This movie was a disappointment when it came out. People wanted Die Hard, but Shane Black’s script was more like Lethal Weapon. In a way, you would have almost thought Richard Donner directed the film the way it was shot and scored.

Even as a kid, I was disappointed with it. Bruce Willis played a stereotype of a detective. Boozy with personal problems of all orders. He basically acted like he just didn’t give a damn about anything. Life had already churned him inside and out.

Twenty years later, I understand. Some athletes sometimes have drug problems, even star quarterbacks. Cops have a shit ton of problems ranging the entire spectrum. Maybe people had it all wrong.

This was a case of art reflecting life.

Football is a business that doesn’t truly give a shit about the players. It takes a ton of legal action and scientific research to get the business to admit that it is a brutal sport that takes physical and long lasting tolls on human beings. It is big business not only because of fandom, tv marketing potential, but because of the gambling that goes alongside it. Just go to a sports book in Las Vegas and you can see why. Billions are wagered legally and illegally. And now, we even have the online “fantasy” versions with draft kings and yahoo getting in on the deal.

Twenty years ago, the sport seemed a little more pure. This was the era of Joe Montana, Dan Marino, Troy Aikman, Steve Young, and Warren Moon. These were icons and role models unlike today, with Tom Brady and deflategate, Peyton Manning and steroid/stem cell accusations, and Big Ben and sexual assault allegations.
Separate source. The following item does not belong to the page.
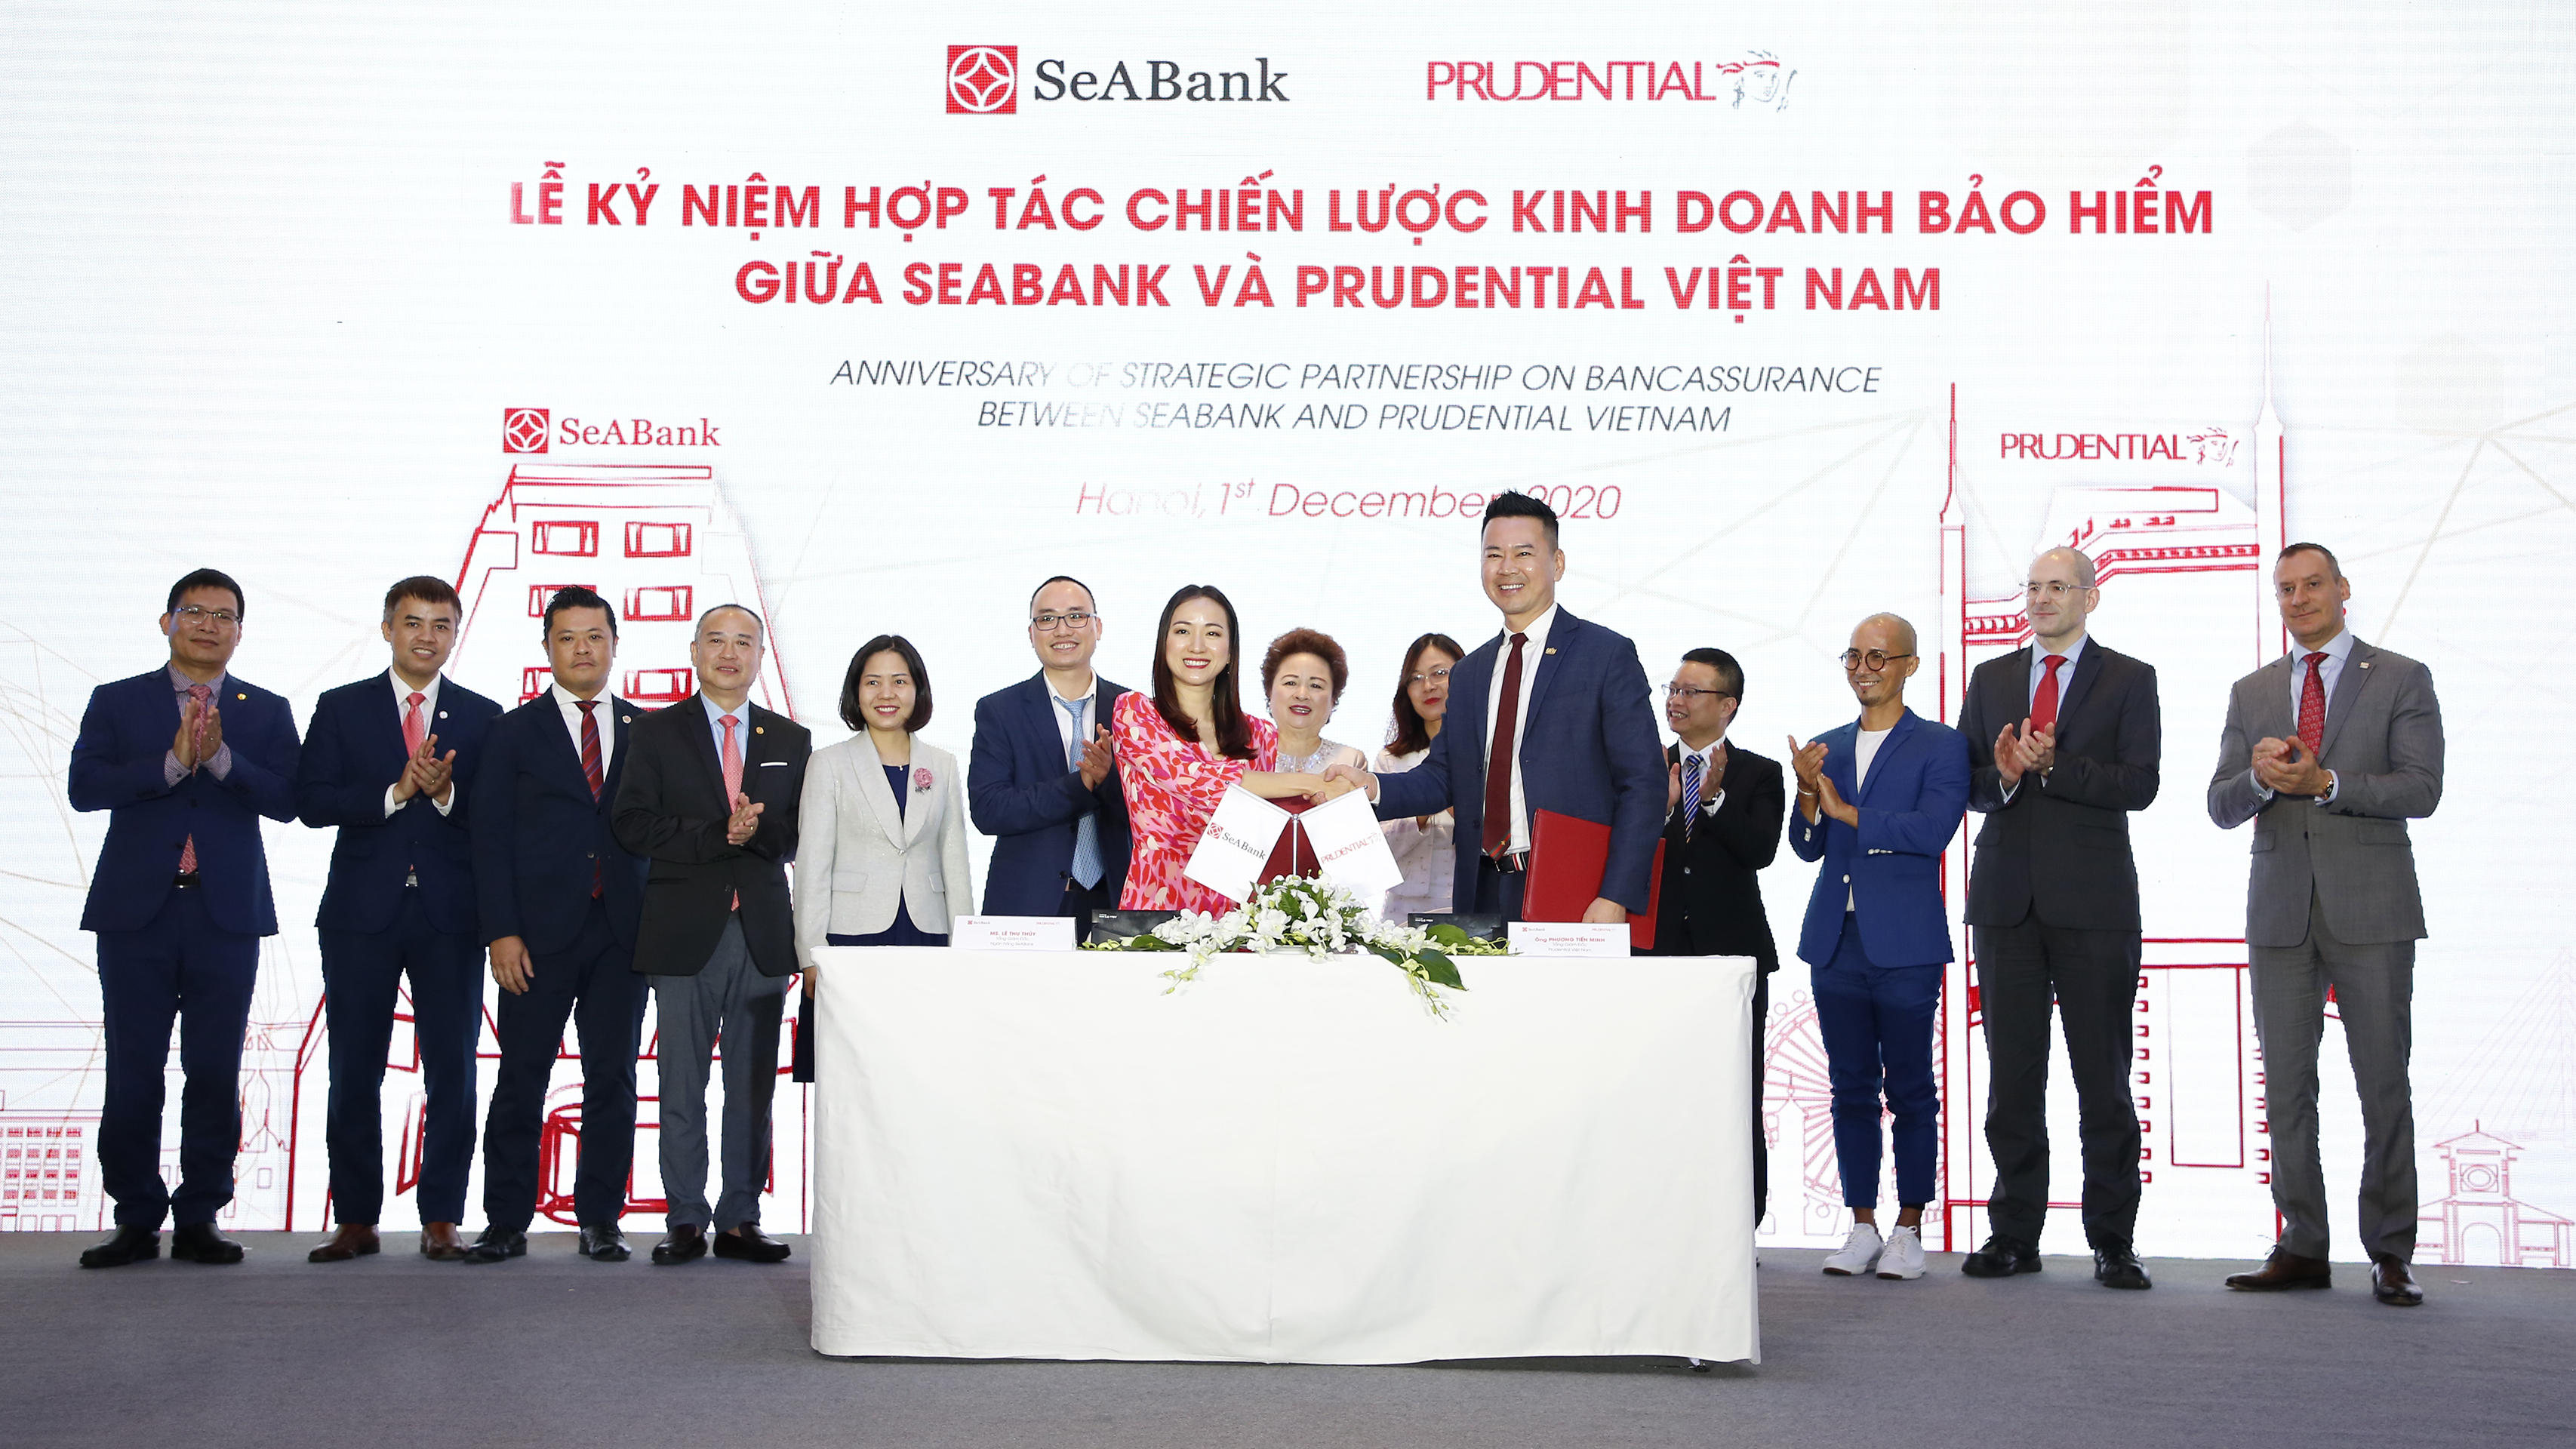 SeABank và những lợi thế để bứt phá giai đoạn 2021 - 2025

And then, Colin K and disgracing the national anthem and flag in a selfish act. Send me hate mail, I don’t care. Just because a few people agree with you doesn’t mean it is right. Instead of using a platform for good and work towards actually causing positive change in america, he speaks of obvious issues America has. Yes, there is freedom of speech, however, in the eyes of many he has zero class. Riddle me this, where was Colin K speaking of social injustice and donating money to charity when he had a platform as the Superbowl to talk? Why does he only have “courage” to speak when he is benched? Funny that a guy who’s trademark dance is kissing his bicep really stands for anything but himself.

Where are the boyscouts today? America sure needs them.

Back to the movie. It’s decent. Go check it out again.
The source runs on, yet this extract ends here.